7. Fill with Raspberry Jam:

Fill each indentation with about 1/2 teaspoon of raspberry jam for that fruity goodness!

8. Bake the Cookies:

Bake in the preheated oven for 12-15 minutes, or until the edges turn lightly golden, but the cookies should still remain pale.

9. Cool the Cookies:

Once baked, take the cookies out of the oven and let them cool on the baking sheet for 5 minutes. After that, transfer them to a wire rack to cool completely.

10. Prepare the Drizzle:

To make the drizzle, whisk together the powdered sugar with milk (or lemon juice) until it’s smooth and pourable. If it’s too thick, add a little more liquid until you reach your desired consistency.

11. Drizzle Over Cookies:

Once the cookies are completely cool, drizzle the glaze over the top using a spoon or a piping bag if you have one.

12. Let it Set:

Allow the glaze to set for at least 30 minutes before serving, so it can firm up a bit.

Enjoy your delightful Raspberry Drizzle Shortbread Cookies with a cup of tea or coffee! They’re perfect for sharing or just treating yourself!

Can I Use Different Types of Jam?

Absolutely! While raspberry jam is the star here, feel free to use other berry jams like strawberry, blueberry, or even apricot for a different flavor experience. Just make sure it’s not too chunky to fit nicely into the cookie indentations!

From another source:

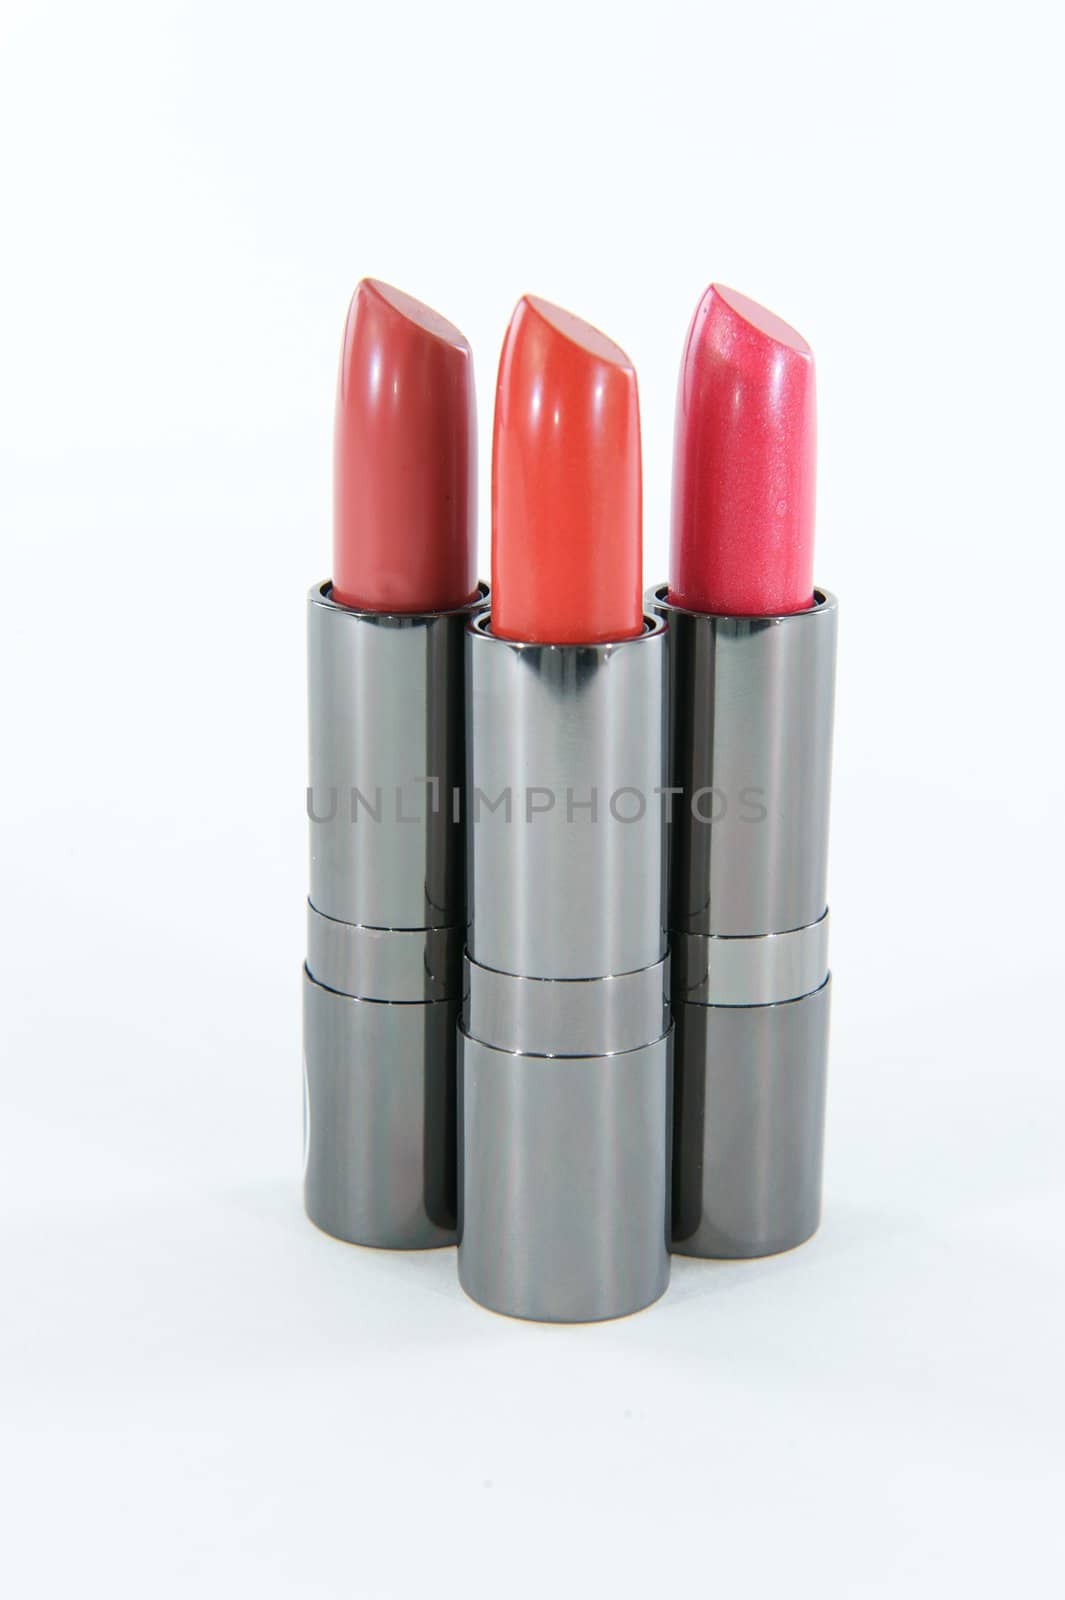 Three lipstick cases standing in a cluster on a white or blank background

What’s the Best Way to Store Leftover Cookies?

Store leftover cookies in an airtight container at room temperature for up to 5 days. If you want to keep them fresh for longer, you can refrigerate them for up to a week or freeze for up to a month. Just make sure to layer them with parchment paper to prevent sticking!

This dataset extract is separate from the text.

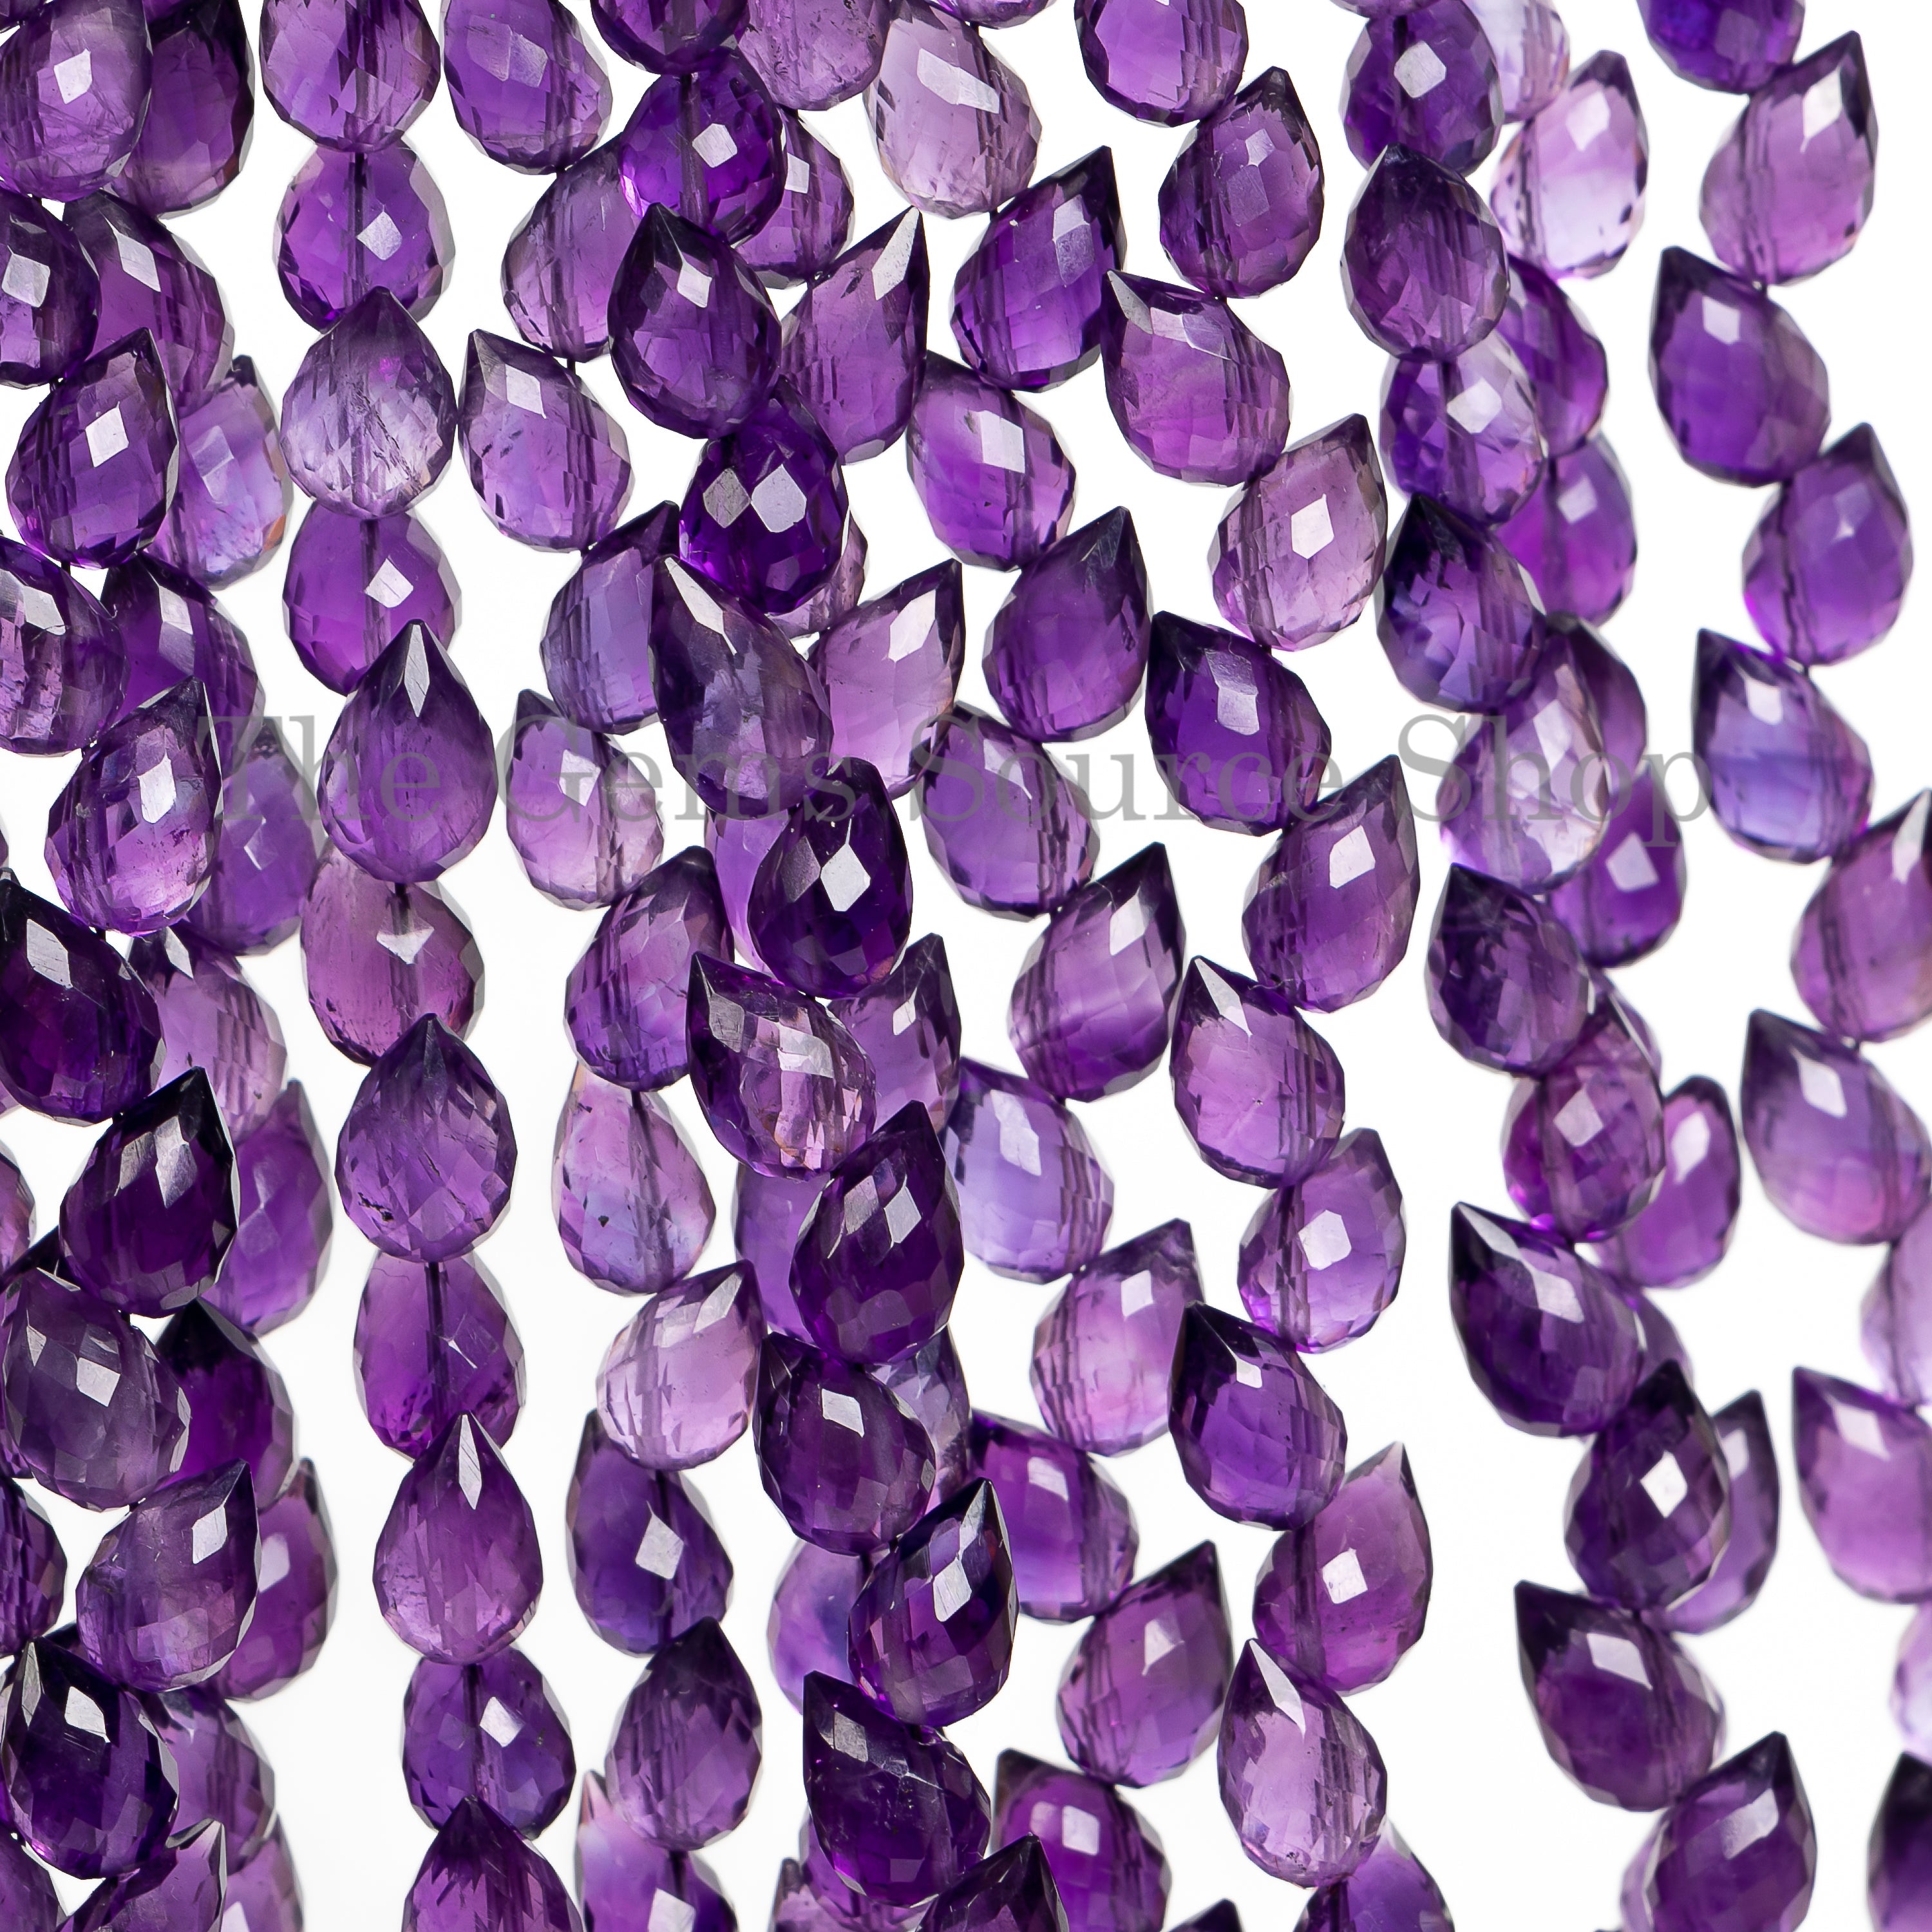 4x6-6x9 mm Natural African Amethyst Briolette Side Drill Drops Loose Gemstone Beads-8"

Can I Make the Dough Ahead of Time?

Yes, you can! Prepare the dough and wrap it tightly in plastic wrap. Refrigerate for up to 2 days, or freeze for up to a month. If frozen, let it thaw overnight in the fridge before shaping the cookies and baking.

How Can I Make the Drizzle Thinner or Thicker?

To make the drizzle thinner, simply add a bit more milk or lemon juice, a teaspoon at a time, until you reach the desired consistency. For a thicker drizzle, add a little more powdered sugar. Adjust to your preference!